Cuestión de banderas
Hace unos años, el Gobierno danés convocó a cierto número de profesionales y artistas competentes con la única condición de que no fueran vacas sagradas ni profesores, y les hizo el encargo de que pensaran, sin ningún tipo de limitación, sobre qué tipo de personas desearían que fuesen los daneses del siglo XXI. Y ello con el objetivo de perfilar los planes educativos adecuados.Nada semejante ha sucedido en España, pero cada cierto tiempo un conflicto estalla en el muy cercano, enorme y a la vez olvidado territorio de la educación, o, mejor dicho, amenaza con estallar, y el Gobierno correspondiente se apresura a sofocarlo como sea (léase cede). Algo deben de tener las fotos de chica ondeando bandera subida sobre hombros de chico (que desde 1968 es el cliché), pues basta que se insinúe para que el Gobierno se apresure con paños calientes... hasta la próxima.
Quizá el conflicto más recurrente (y el que más imágenes de banderas. produce) es el que afecta a la transición entre la secundaria y la universidad. O, dicho de otro modo, el que con más crudeza propone el problema de qué ciudadanos serán los españoles del siglo XXI.
El último cadáver ilustre que causó este conflicto fue el del ministro Maravall, que al comienzo de la década socialista intentó proponer unos modelos de acceso a la universidad más exigentes y fue sacrificado ante las muy mediáticas imágenes de masas de jóvenes exigiendo poco más o menos el libre acceso a la universidad. Junto a Maravall tuvieron que replegarse numerosos decanos que alguna vez propusieron la peregrina ocurrencia de establecer un numerus clausus en sus facultades, pretensión rápidamente derrotada por encierros de los no admitidos.
¿Y por qué los estudiantes no habrían de encerrarse y reclamar?

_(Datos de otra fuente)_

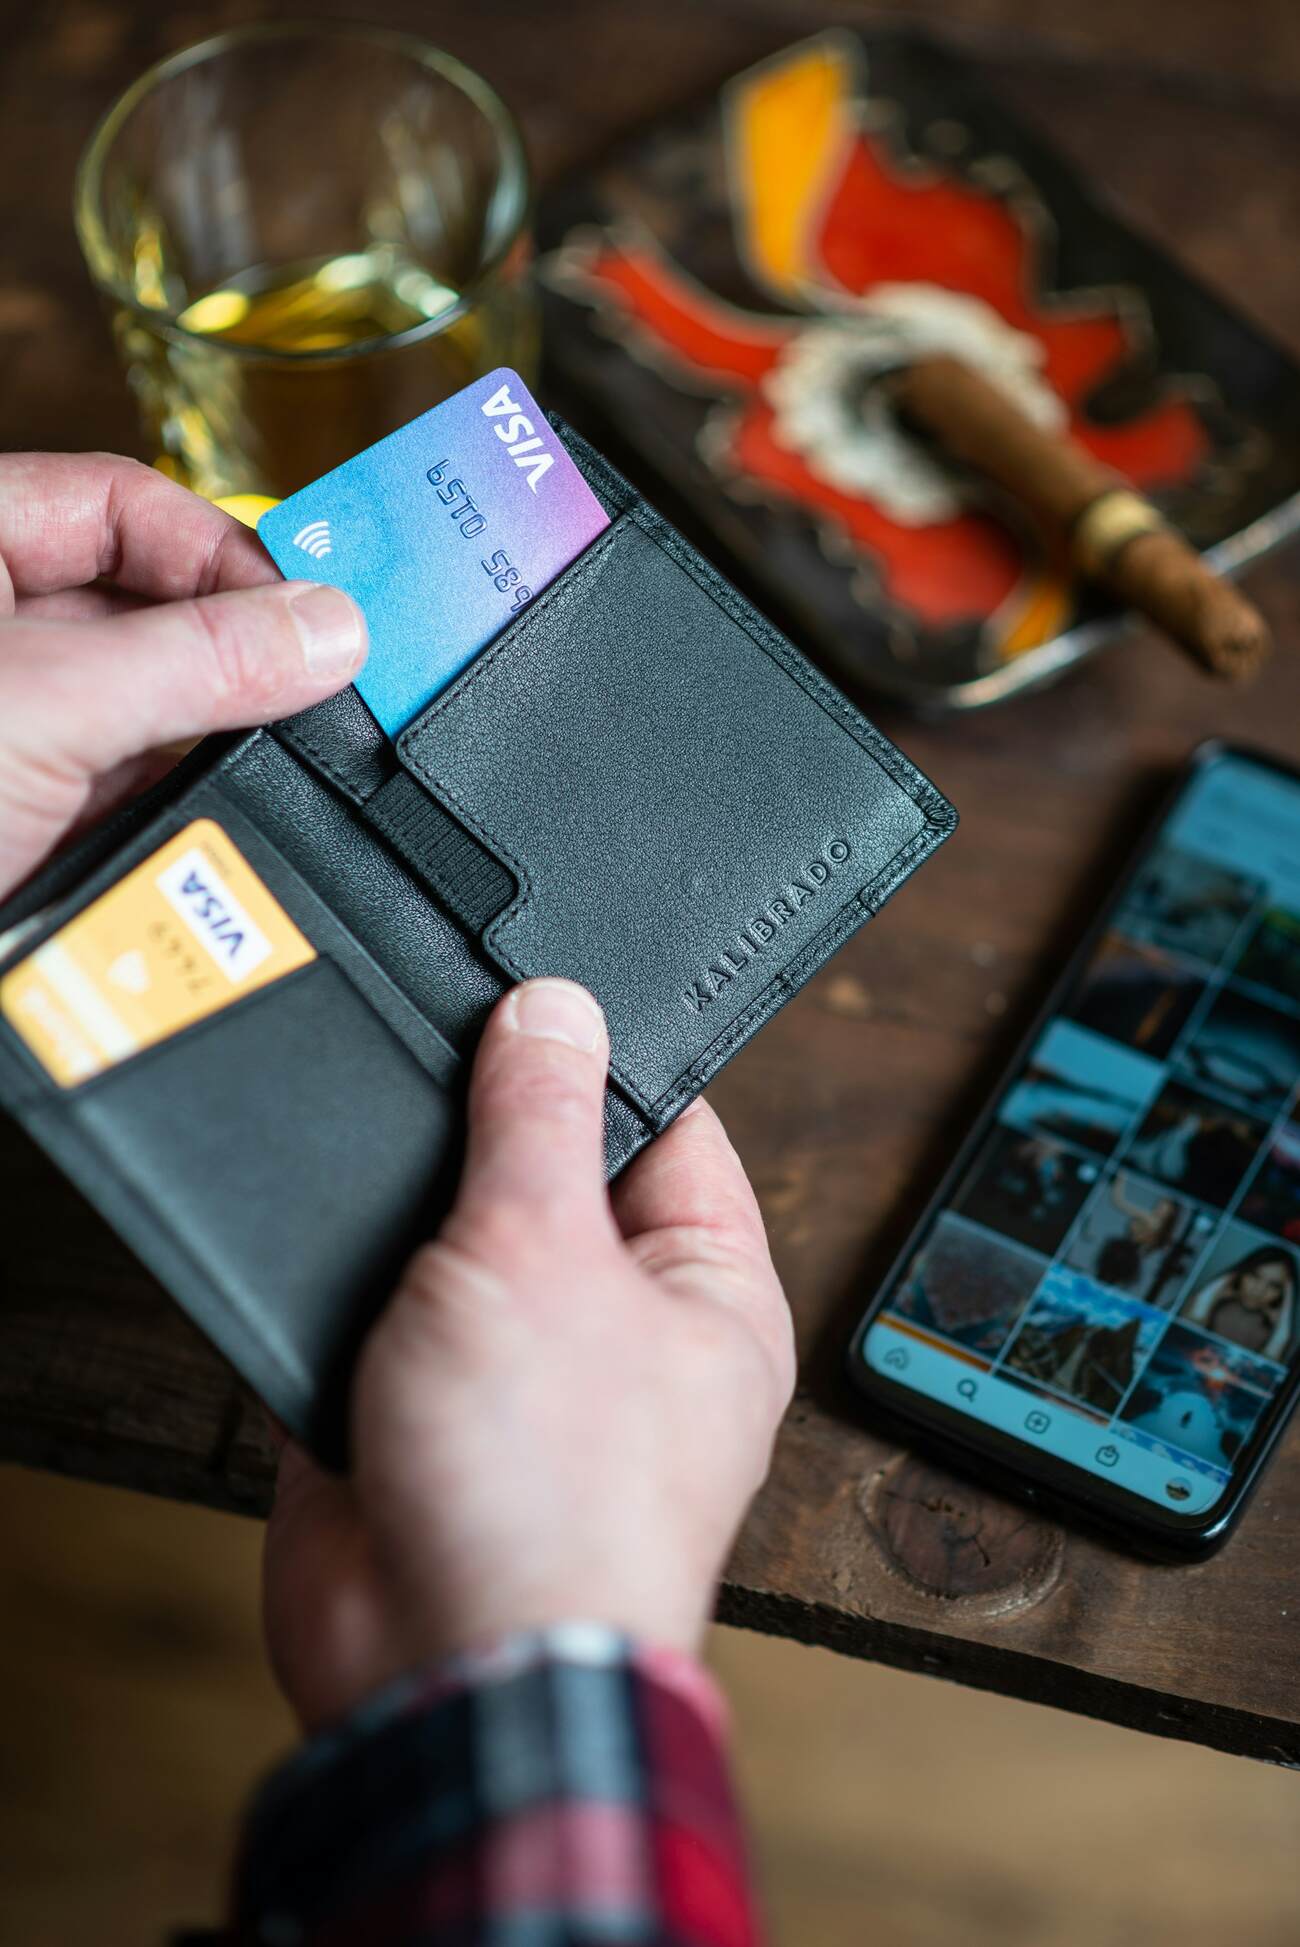 A sleek black leather wallet with multiple card slots and a cash compartment

Presos del círculo vicioso del si hasta ahora sí, ¿Por qué a partir de ahora no?, el más elemental sentido de la justicia ha de responderles: "Pues sí: por qué".
Lo que sucede es que éste, que no es otro que el de la calidad de la enseñanza, resulta un problema inaplazable. No deja de ser paradójico que conflictos de menor trascendencia centren de forma sistemática el ya amortiguado debate educativo y que se postergue indefinidamente cuando afecta a lo que de verdad tiene consecuencias a largo plazo. ¿O acaso cree alguien que la confluencia con Europa se agota en si tenemos más hoteles y menos carbón? Cuesta imaginar que tecnócratas con mando así lo crean, pero, a juzgar por el discurso político dominante, hay que ponerse en lo peor: es probable que, en efecto, lo crean. Mas lo cierto -y comprobable- es que los medios y. la exigencia de la universidad pública española -hechas las excepciones necesarias- no admiten comparación con la francesa, alemana o escandinava. Sería cuestión de comparar resultados.
Cualquier rápido vistazo a la situación real de la educación desencadena la alarma amarilla, en particular en lo que atañe a la satisfacción de muchos, universitarios y su pregunta de si no están perdiendo el tiempo... sin poder remediarlo. Porque un alarmante número de jóvenes cruza la frontera con mínima información, ya condicionados por su biografía y ajustándose a una prueba, peor aún que severa o laxa, ineficaz: no descubre talentos y es probable que expulse algunos. Sólo está probado que sirve para ir tirando con un modelo de universidad-garaje que irremediablemente condena a la primera. Todo lo que no sea enfrentar el problema -a saber: queremos o no universidades para todos, y, en ese caso, vamos o -no a darles medios para que no sean garajes- es una subvención indirecta a la universidad privada. Pero para afontar ese problema hace falta no ver tanto a los universitarios agitando banderas, sino imaginarlos veinte años después.